For the above examples, we find that

typecheck ex2        ==>     Nothing

typecheck ex3        ==>     Just TBool

typecheck ex4        ==>     Nothing

typecheck ex5        ==>     Nothing

Notice that evaluation of ex4 succeeds but type checking reports that ex4 is ill-typed.

Evaluation of well-typed expressions

Our current evaluator has to perform some amount of type checking at run-time. For example, consider the following case.

eval (Mult e1 e2) =
     let r1 = eval e1
         r2 = eval e2
     in case (r1, r2) of
         (Just (Left i1), Just (Left i2)) -> Just (Left (i1 * i2))
         (_,_)  -> Nothing

We evaluate the left and right operands and via the pattern match “Just (Left …)” we effectively check that operands yield an Integer value.

For well-typed expressions, it is possible to optimize our evaluator.
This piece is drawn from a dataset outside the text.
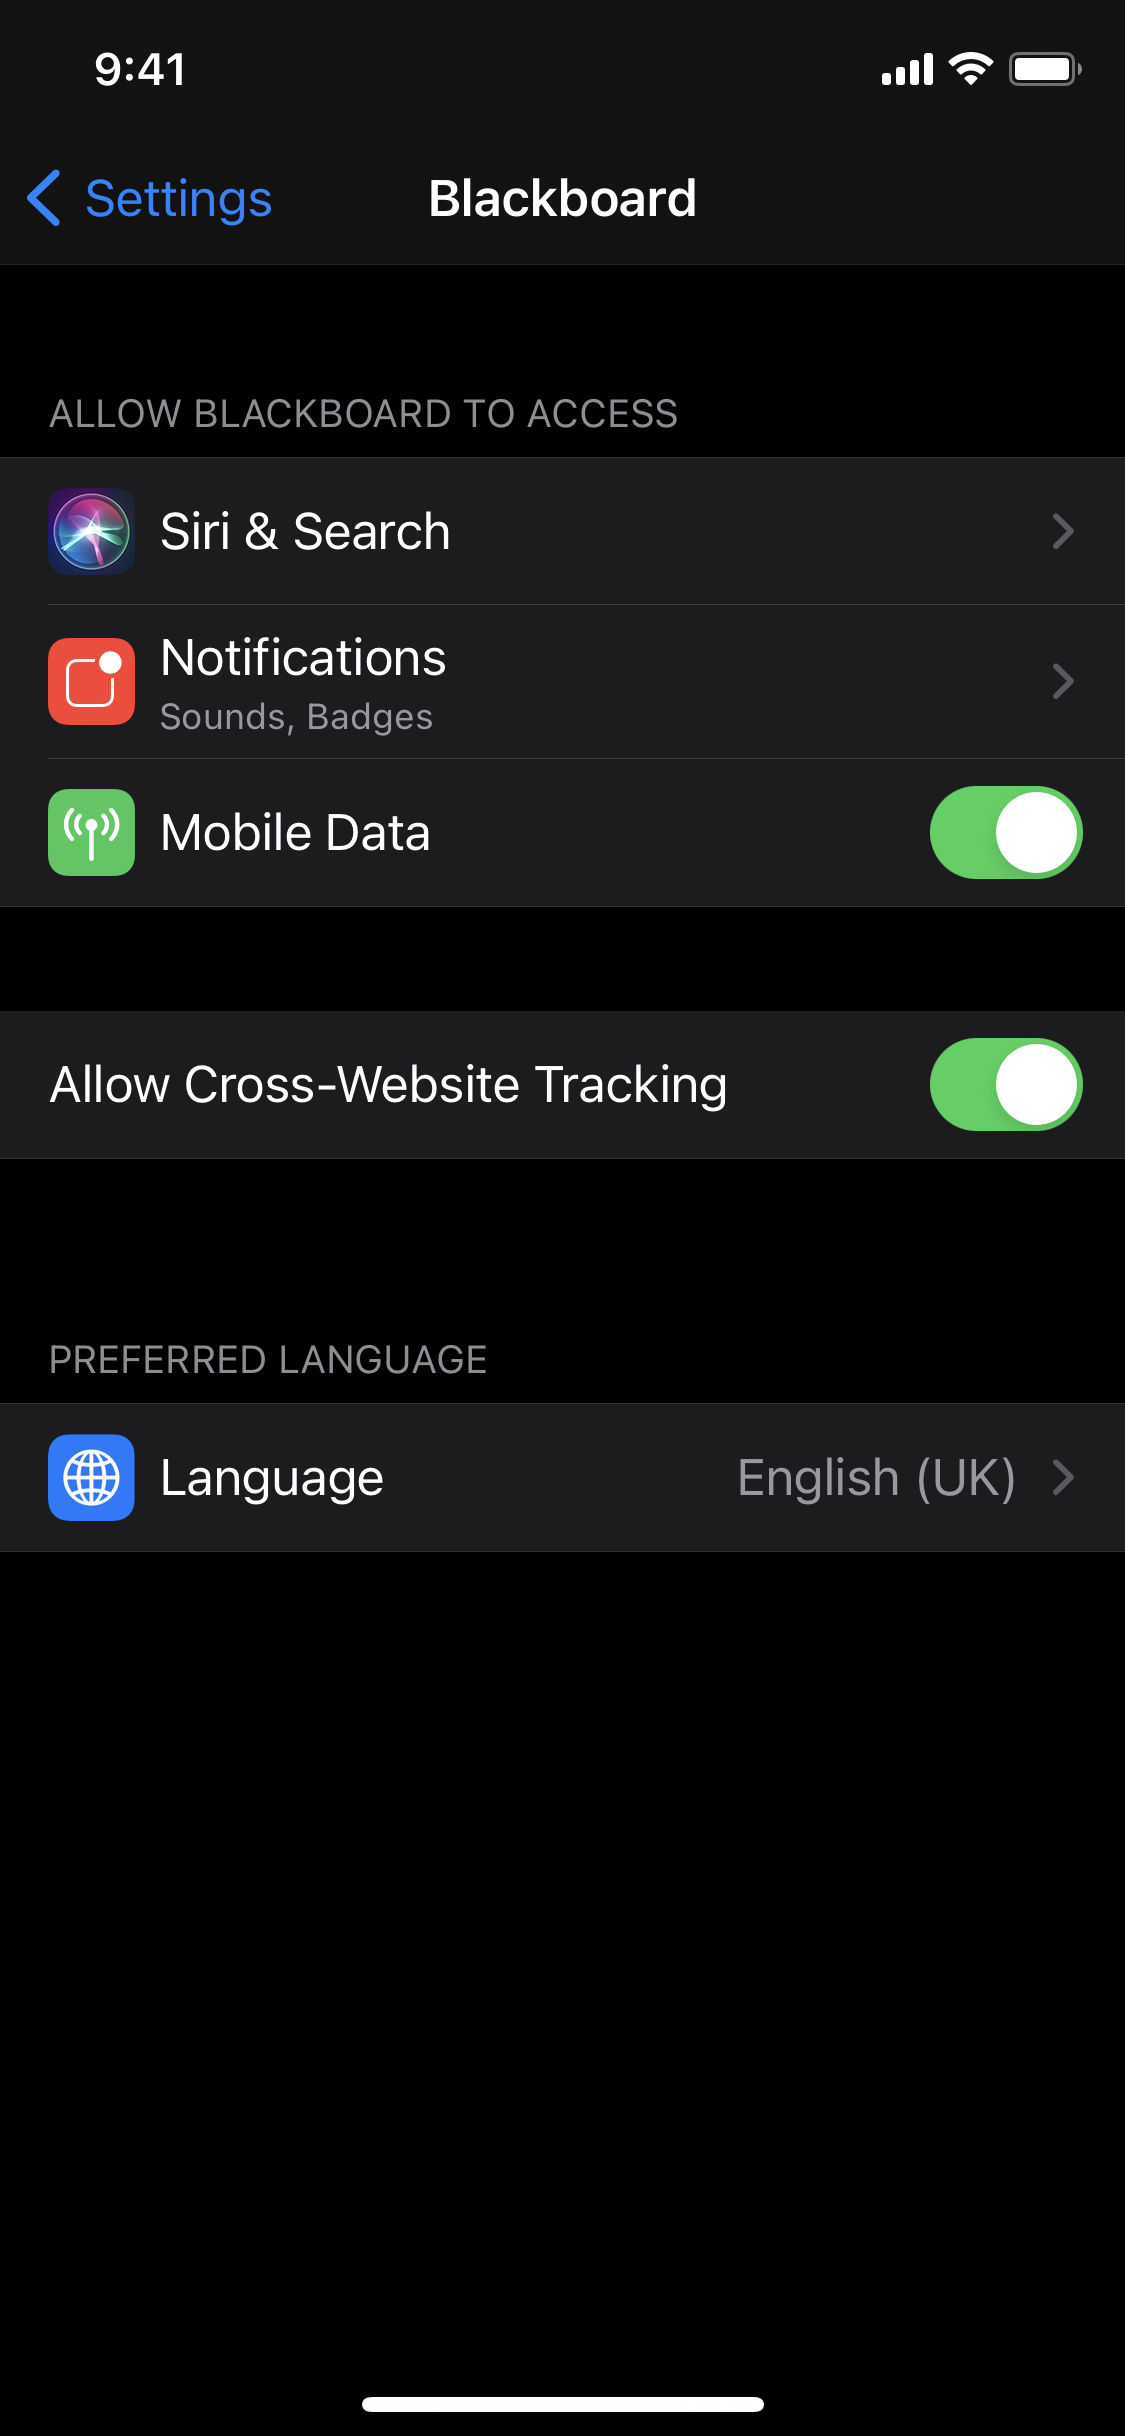 iOS Setting to Allow Cross-Website Tracking for Blackboard app and Blackboard Instructor app

There is no need to cover cases that involve “Just” and “Nothing”.

evalT :: E -> Either Int Bool
evalT One = Left 1
evalT Zero = Left 0
evalT ETrue = Right True
evalT EFalse = Right False
evalT (Plus e1 e2) =
    case (evalT e1, evalT e2) of
       (Left i1, Left i2) -> Left (i1 + i2)
evalT (Mult e1 e2) =
    case (evalT e1, evalT e2) of
       (Left i1, Left i2) -> Left (i1 * i2)
evalT (Or e1 e2) =
     case (evalT e1) of
       Right True -> Right True
       _          -> evalT e2

Of course, we shall apply evalT only on well-typed expressions. Hence, before calling evalT we need to call typecheck first.

Simplification

We consider the task of simplifying expressions based on some algebraic laws. For example, we wish to enforce that law that “0 * x = 0”. This law can be enforced statically (and therefore might improve the run-time performance when evaluationg expressions).

Consider

simp :: E -> E
simp One = One
simp Zero = Zero
simp ETrue = ETrue
simp EFalse = EFalse
simp (Plus e1 e2) = Plus (simp e1) (simp e2)
simp (Mult Zero _) = Zero
simp (Mult e1 e2) = Mult (simp e1) (simp e2)
simp (Or e1 e2) = Or e1 e2

What do we observe when simplifying the following expressions?

-- (0 * 1) * 1
s1 = Mult (Mult Zero One) One

-- 0 * (0 * False)
s2 = Mult Zero (Or Zero EFalse)

There are two issues.

The first issue is that s2 is ill-typed but the expression resulting from simp s2 is well-typed. The second issue is that simplification is not exhaustive. For example, simp s1 yields Mult Zero One which could be further simplified.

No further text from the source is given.